Where did you end up meeting someone like him?

 

*

 

I met up with H on the twenty-ninth. We’d initially agreed to meet up on the last day of the month, but something unavoidable came up for H and we pushed up the meeting by a day.

We sat in a quiet corner of a café that H liked, reading each other’s diaries in silence. Reading through them just once left much to be desired, so we went back and read them again from the beginning. And like that, half an hour went by. There wasn’t that much to read, but it still took us a while. We returned the diaries and heaved dramatic sighswhewneither of us wanting to start first.

Then H spoke up.

Because at least someone should know, she said.

I chimed in,

Right, I think so, too.

We decided to abide by our old rule of not sharing any feelings or opinions related to the content of the diaries this time, too, and so had no choice but to talk about other things. Those other things turned out to be mostly what we’d been seeing, hearing, and thinking about lately, so technically, you could say our conversation wasn’t all that different from what we had written. But either way, H and I both thought it was a little funny and a little sad watching the other try their hardest to refrain from discussing the diaries. H told me how she’d been consistently calling someone by the wrong name, a syllable off, since last summer, yet the person hadn’t once corrected her, and I talked about the time the host of this podcast I liked said he was confident we could all have decently interesting conversations without making other people into caricatures or insulting them.

How long had it been? As we were chatting, I’d gotten hungry and ordered a slice of carrot cake, and when I returned, H suddenly remembered something.

WaitI just realized we have one more day left of writing our diaries, but I guess we won’t get to read those last entries. September ends tomorrow.

Oh, you’re right. Should we write them and send them over KakaoTalk or something?

H considered this for a moment, then suggested another option.
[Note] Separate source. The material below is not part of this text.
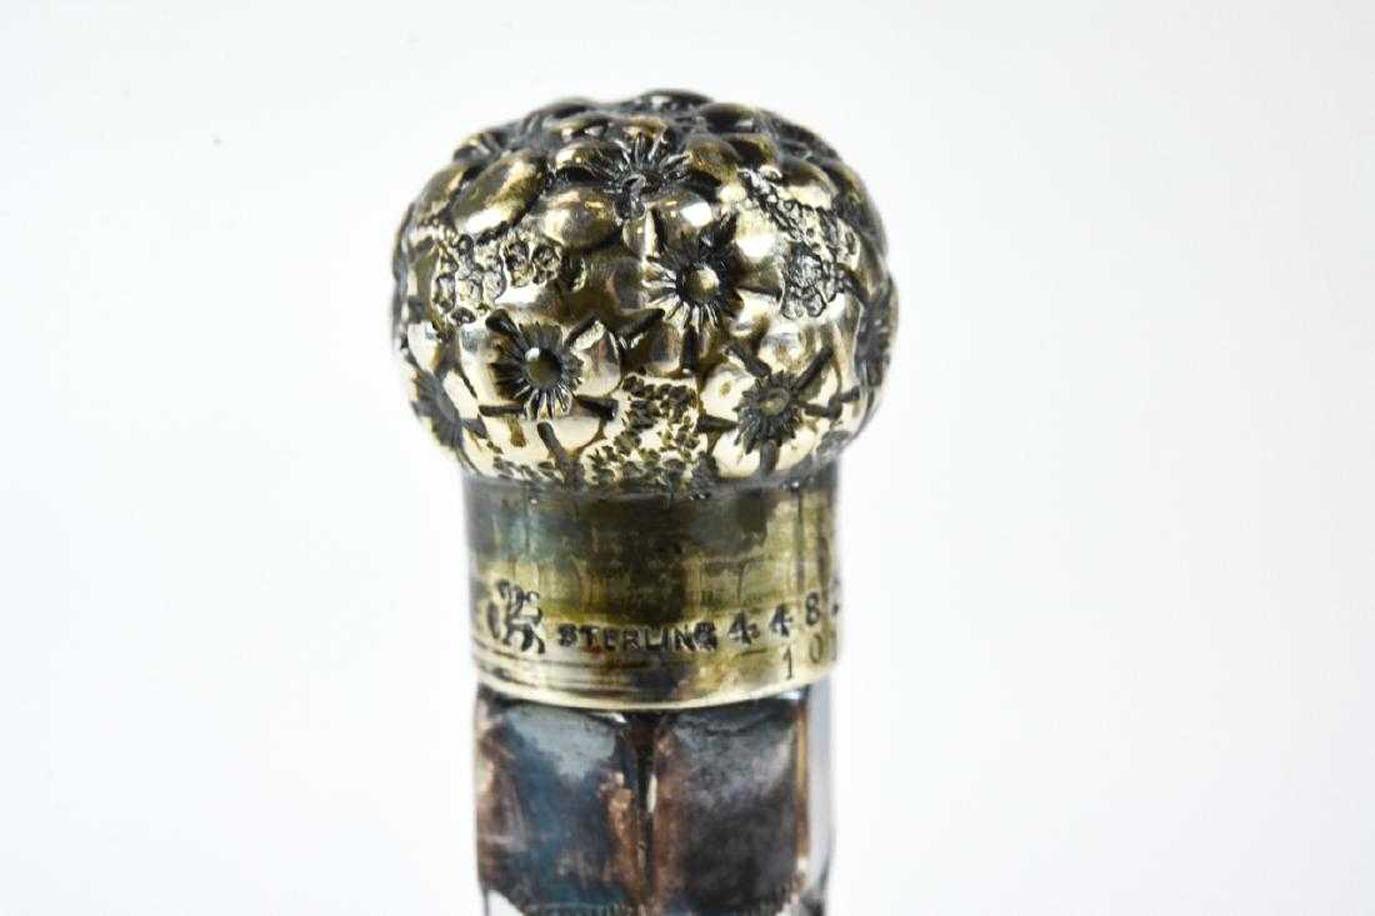 Le flacon de parfum en verre Art nouveau est orné d'un couvercle et d'un capuchon en filigrane d'argent sterling anglais (estampillé et avec un lion rampant). Le design reflète la période Art nouveau de la fin du XIXe siècle et du début du XXe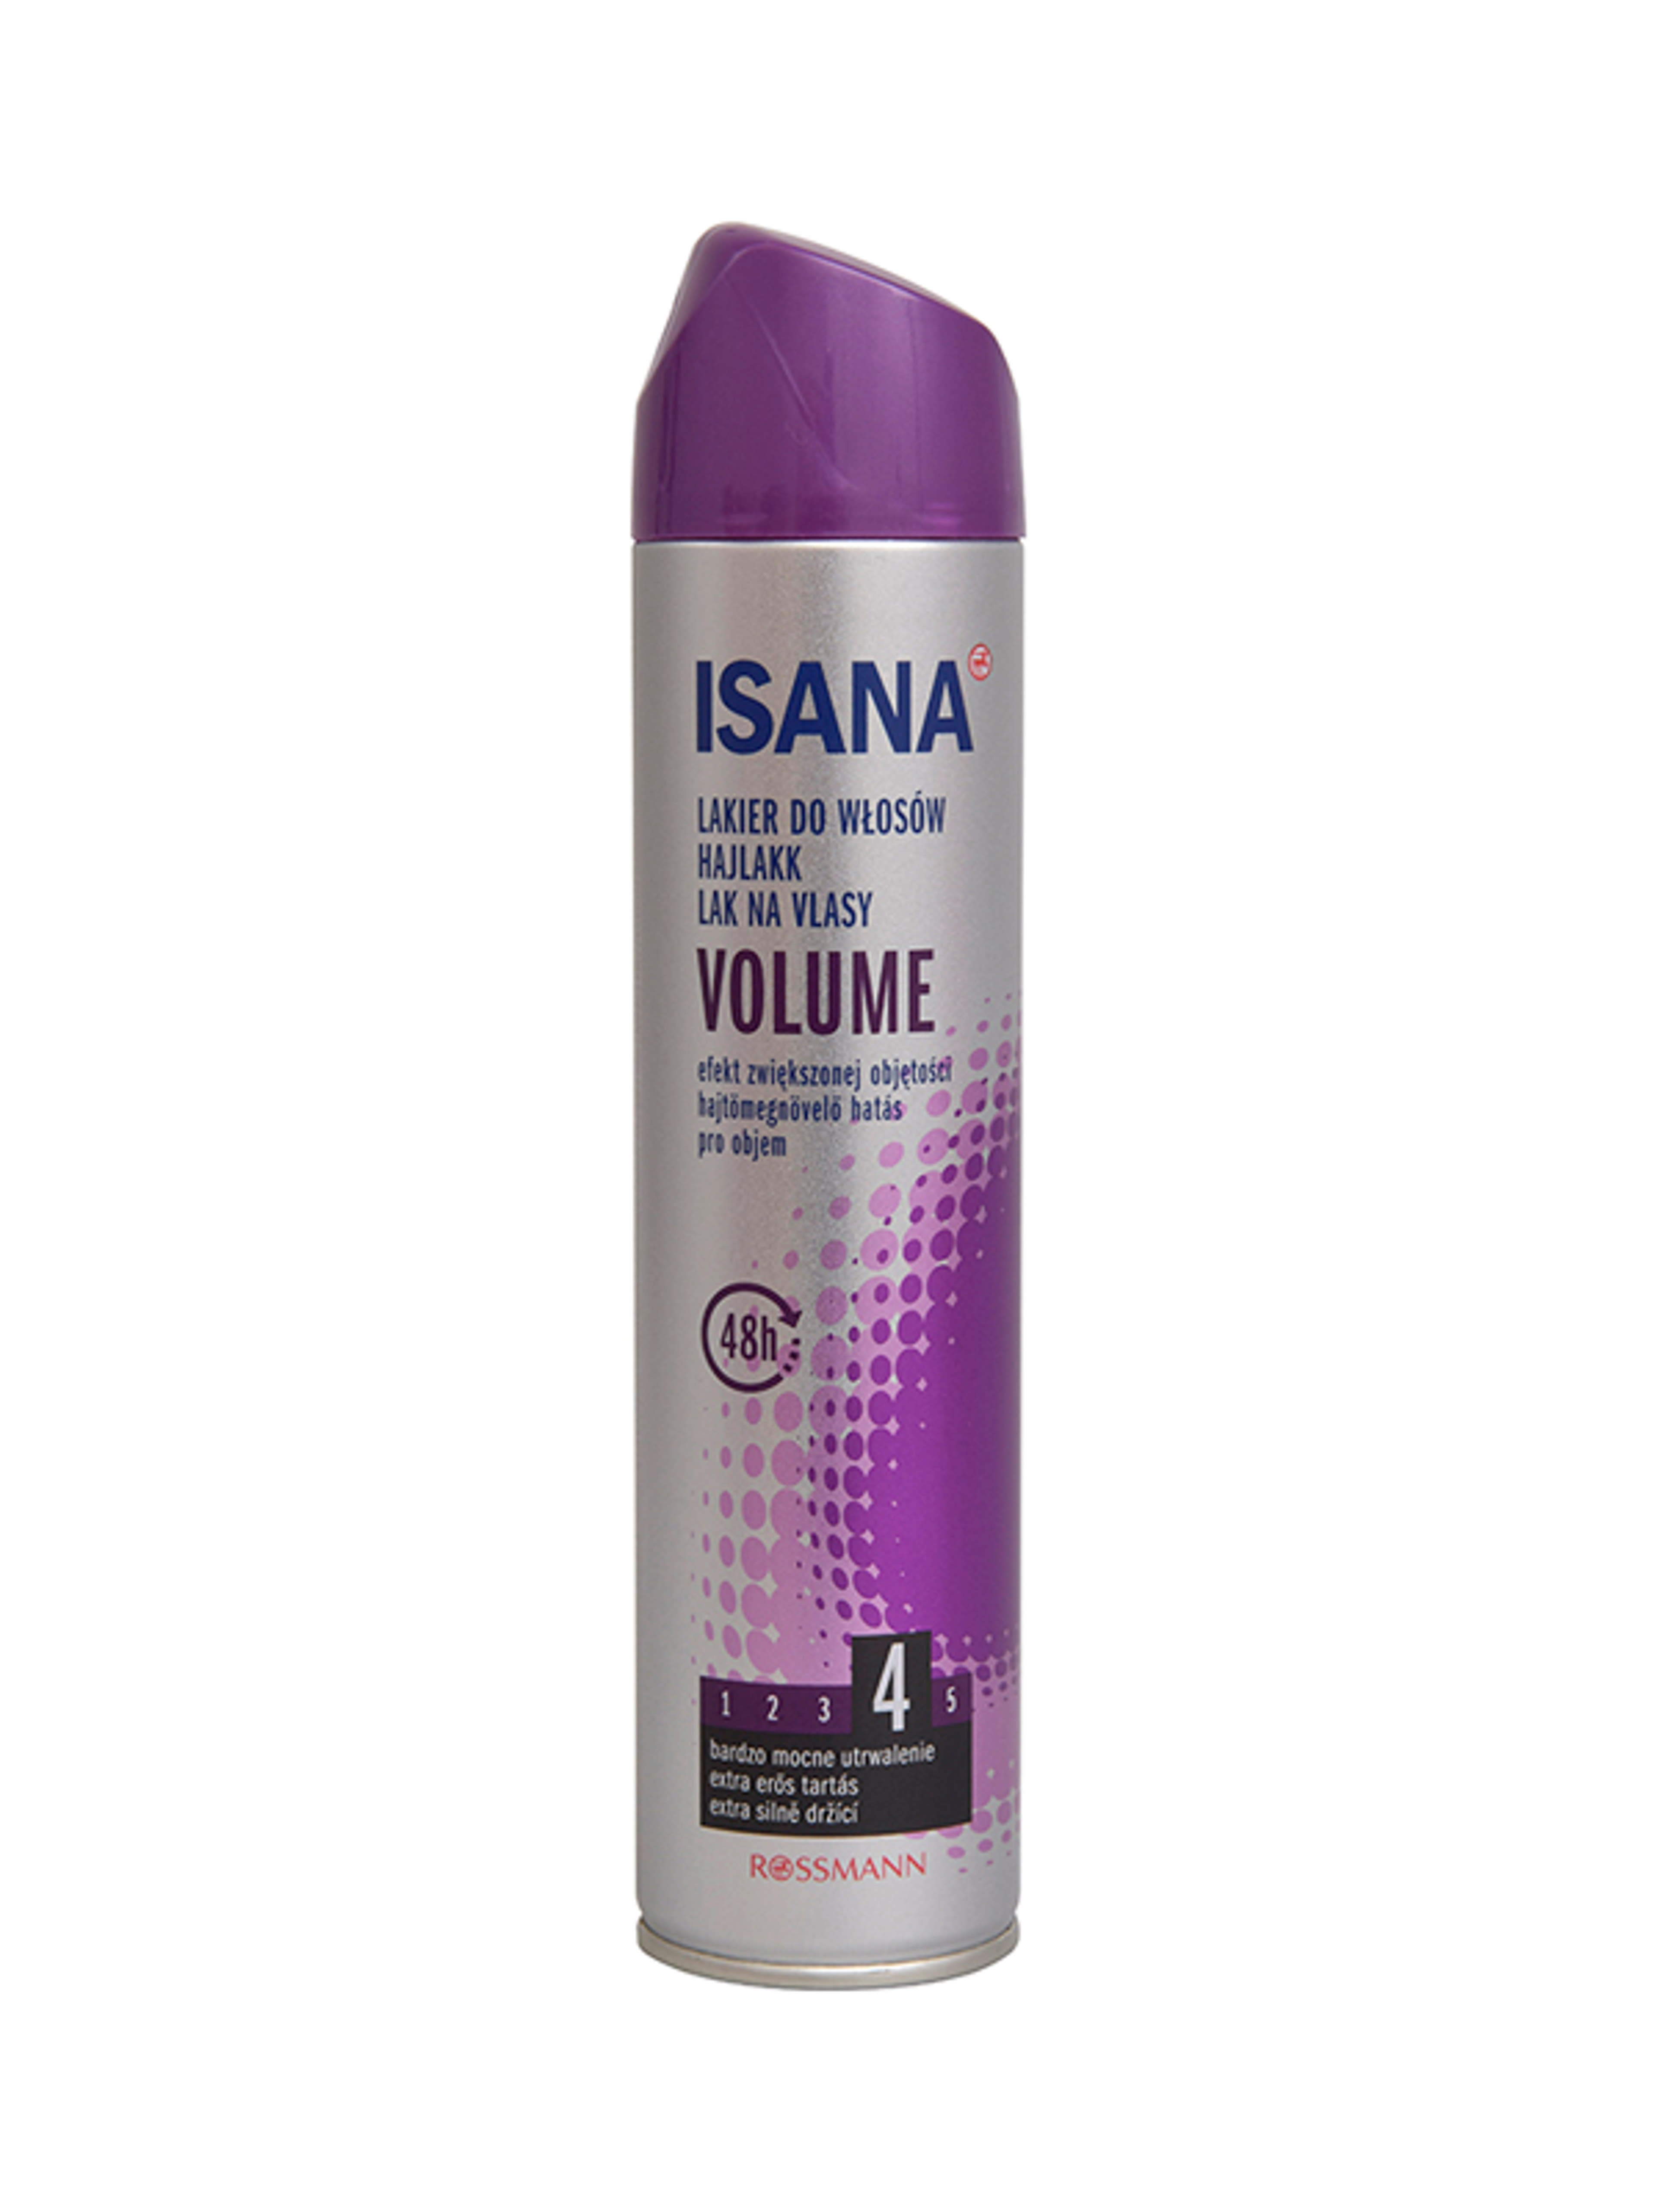 Isana Hair Volume Up hajlakk - 250 ml

How about we bury them and dig them up again next year?

Oh, like a jar of kimchi?

Like a time capsule!

I thought that sounded like it could be fun.

Ah, then will we keep diaries together next year, too?

Of course. We’ll write them together.

Embarrassed at the way something inside me fluttered in that moment, I lowered my gaze to the table, staring at a spot where the afternoon sunlight was puddling as I answered.

Then next September first, I’ll be the one to let you know it’s time to start.

 

*

 

I was walking down the street when I stopped short at the sight of a flowerpot placed outside the gate of someone’s home. A rather large note was stuck to the nameless, dried-up, withered-black plant.

 

Reviving. Please don’t remove.

 

I opened my camera app, framed the shot so that the note was clearly visible, and was about to snap the picture, convinced I should write about this today, when a thought suddenly crossed my mind and made me lower my phone once again. Though I had decided not to make rash judgments, though I had resolved to stop rushing to sympathy or pity, it seemed that in the blink of an eye I had already forgotten my promise.